Place beet and fruits into the feeding tube of your juicer and juice!

This would be another good juice to turn in to popsicles.  Or freeze some in ice cube trays and use them in smoothies later on.


This post is linked to Seasonal Sunday at Real Sustenance. 

Juice It Up

Wake Up!

I have been doing more juicing lately.  Not only have I been craving juice, it just seems like a great idea with the changing of the seasons.  Spring and Summer just seem to scream for juices.  Light and refreshing.  Energizing.  Nutrient rich.  Sometimes it’s great to drink your fruits and vegetables rather than chew them one by one.

That said, I always have my juice as part of a meal and not as the meal or snack itself.  You lose a lot of fiber from the produce.  The fiber in your meal/snack helps keep the sugars in the juice from going straight to your bloodstream.  Generally, I like my juice with breakfast.  It helps me load up on the natural vitamins I need for my day.  The right combination can help you wake up better than caffeine.  Carrot Apple Juice anyone?

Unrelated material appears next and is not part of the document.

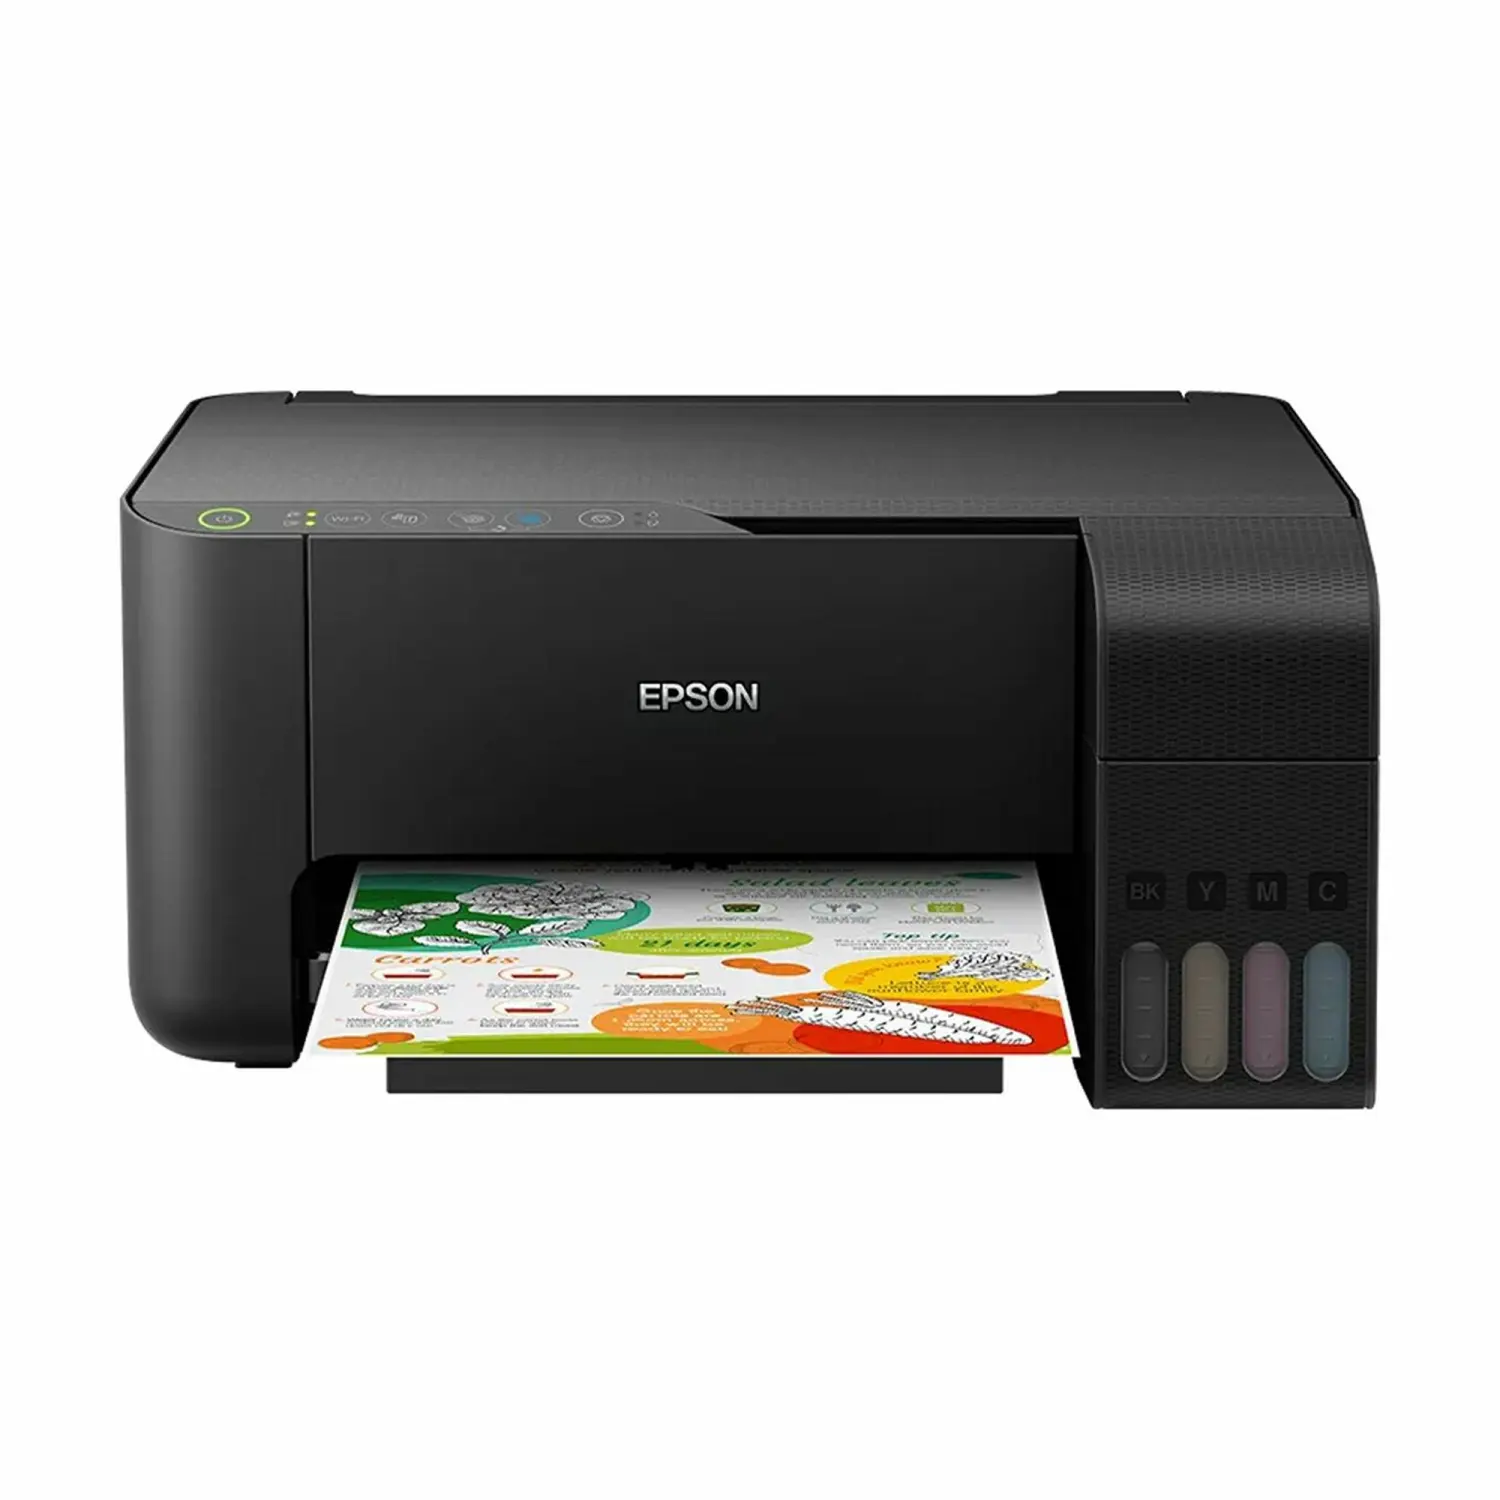 Nagelneu eps L3258/L3256 Tintenstrahldrucker A4 Farbe All-In-One Drucken-Scan-Kopieren-Drucker mit W-Fi Direct

I have 3 juice recipes to share with you.  One that I love for helping me wake up, another that is just completely refreshing and reminiscent of Summer, and the last will help boost your iron levels.

Wake Up Juice

3 apples (I use any type of red apples)

2 carrots

2 cups of grapes.

Place produce in the feeding tube and juice.


Summer Lovin’ Juice

1/2 cucumber

2 – 3 cups honeydew melon

Place produce in the feeding tube and juice

Berry Beet-O-Full Juice

4-5 strawberries

1/2 cup black berries

1/2 cup raspberries

1/4 cup blueberries

1 small beet

2 oranges

Berry Beet-O-Full

Place produce in the feeding tube and juice.  This juice is a bit thicker than the others.  The Vitamin C in the oranges helps the body absorb the iron from the beets.  The berries also add some Vitamin C, but tons of antioxidants, as well.

Add a slice of two of ginger with the fruits and veggies for an added zing!